See also the Data recovery testing document.

Prerequisites

We use the pentest environment for doing disaster recovery testing. Unlike production, the pentest environment does not have scheduled backups so we will need to manually create a backup prior to testing.

  • Create a backup of the postgres server using the Backup database to Azure storage action:
    • Environment: pentest
    • Backup file name: (leave blank)
    • Database server name: s189t01-trs-pt-pg
  • Once complete, view the Backup database summary and copy the backup filename

Scenario 1: Loss of database server

Delete the postgres database instance

  • Log onto Azure Portal and delete postgres server s189t01-trs-pt-pg on environment pentest

Start the incident process (if not already in progress)

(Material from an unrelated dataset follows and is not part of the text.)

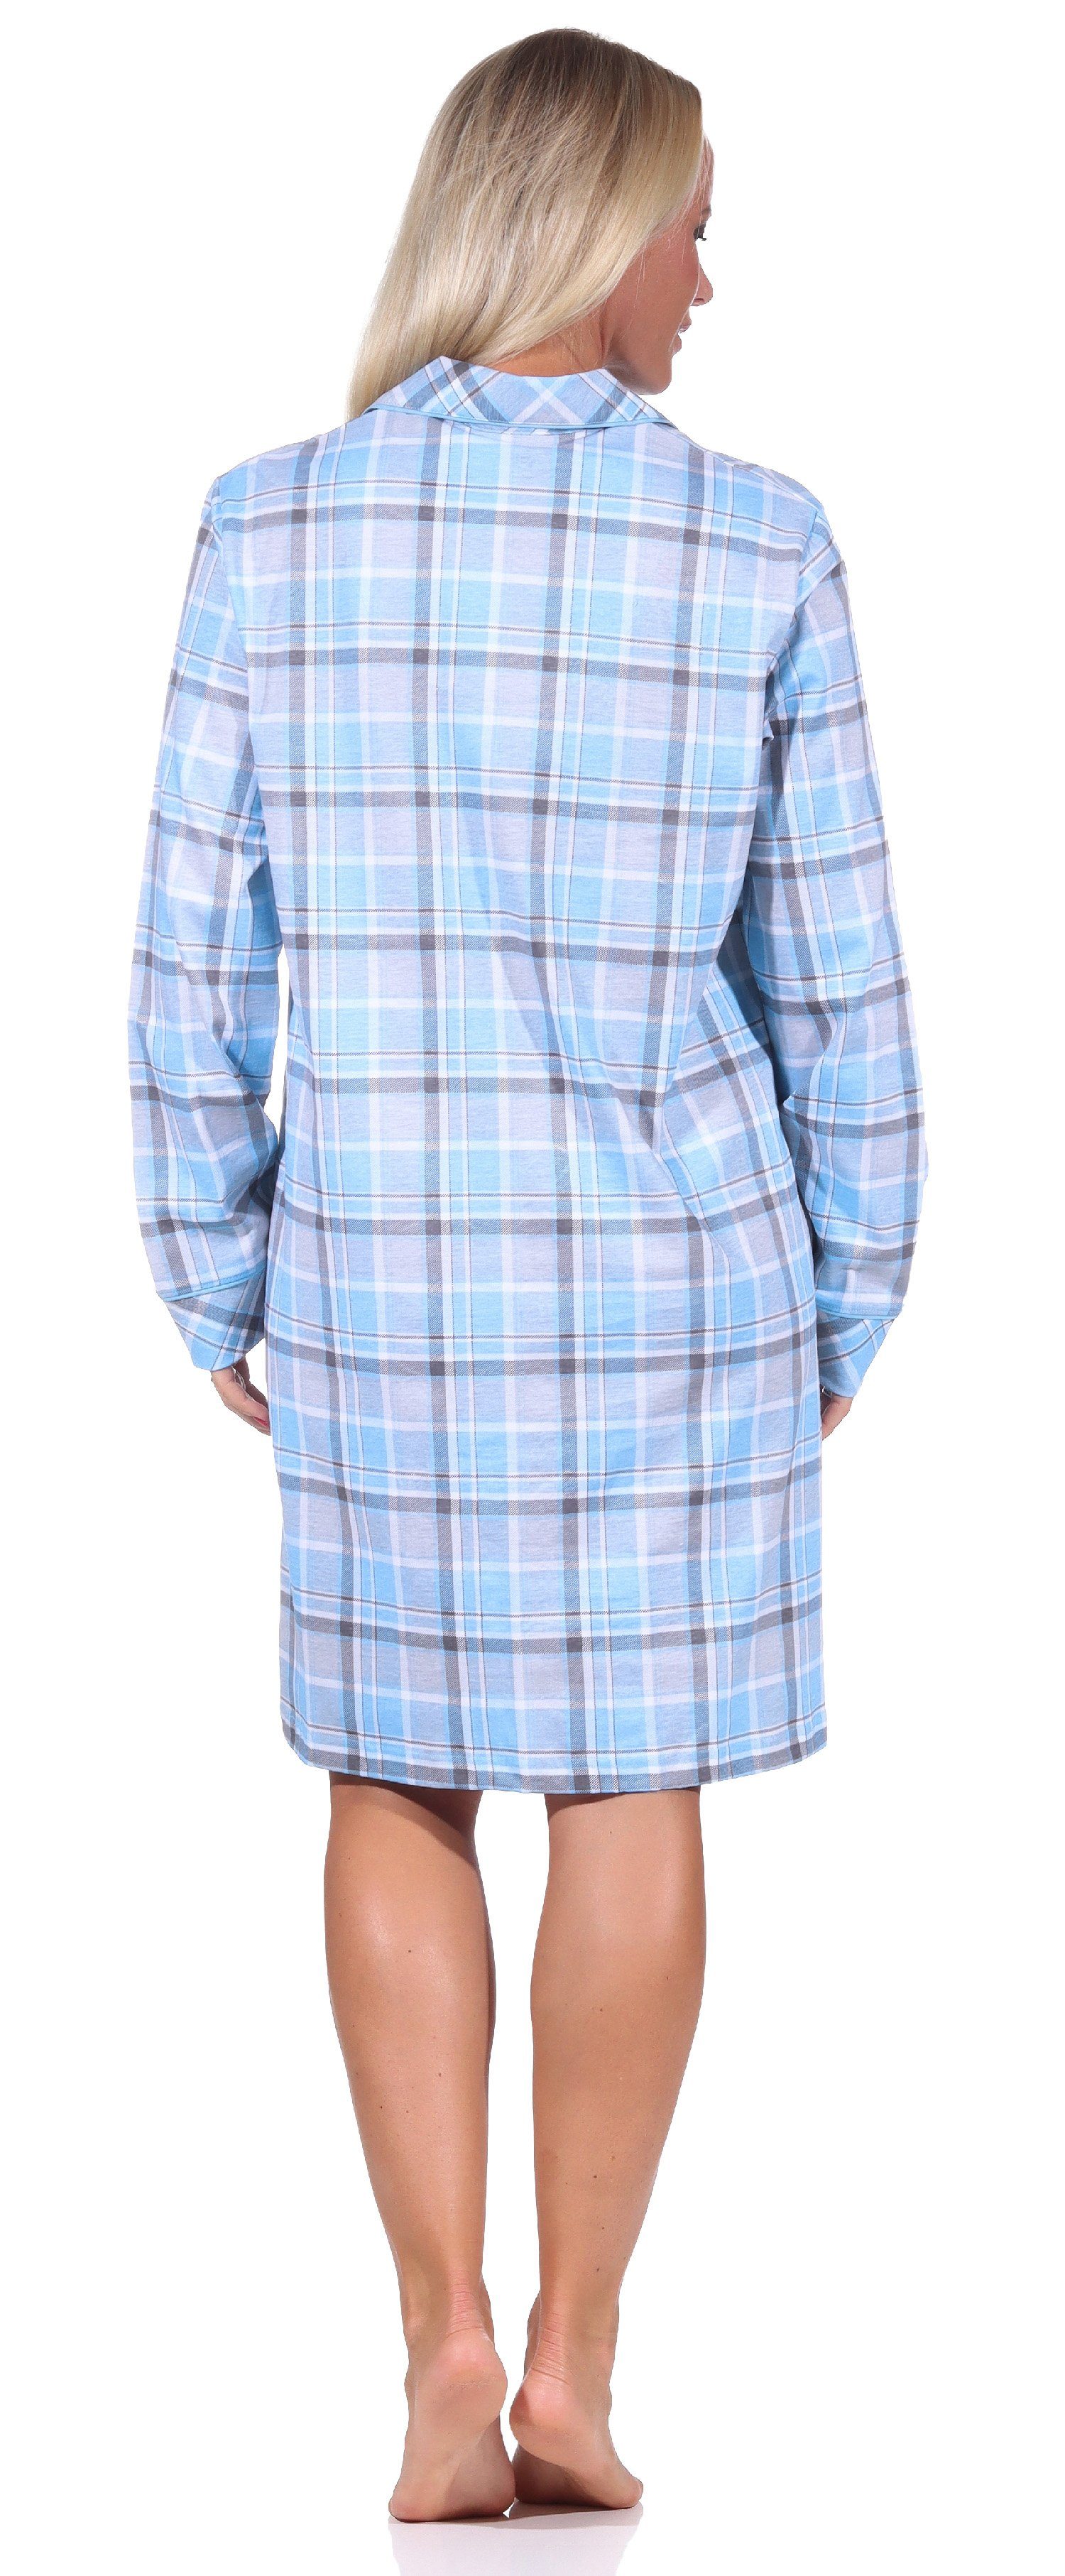 Qualität knöpfen Nachthemd Normann in Karopotik Jersey langarm hellblau Nachthemd zum Damen in

  • Skip this step for DR testing

Freeze pipeline

  • Skip this step for DR testing - there are no active pipelines merging into the pentest environment

Enable maintenance mode

  • Skip this step - TRS does not have a maintenance mode

Recreate the lost postgres database server

Option 1. Recover from Azure backups

  • Run the Recover deleted postgres database workflow:

    • Enviroment to restore: pentest
    • Restore to production: false
    • Restore point in time: This should be a point in time after the backup in Prerequisites section was created but before the database was deleted
    • Deleted postgres server: s189t01-trs-pt-pg

    Note: a point-in-time restore can only be run 10 minutes after the database has been deleted (something to do with Azure) - but the point in time should be for a time before the database was deleted

    Note also: the GitHub action will complete but this will only trigger a request to Azure to restore the server, which will take an unspecified amount of time.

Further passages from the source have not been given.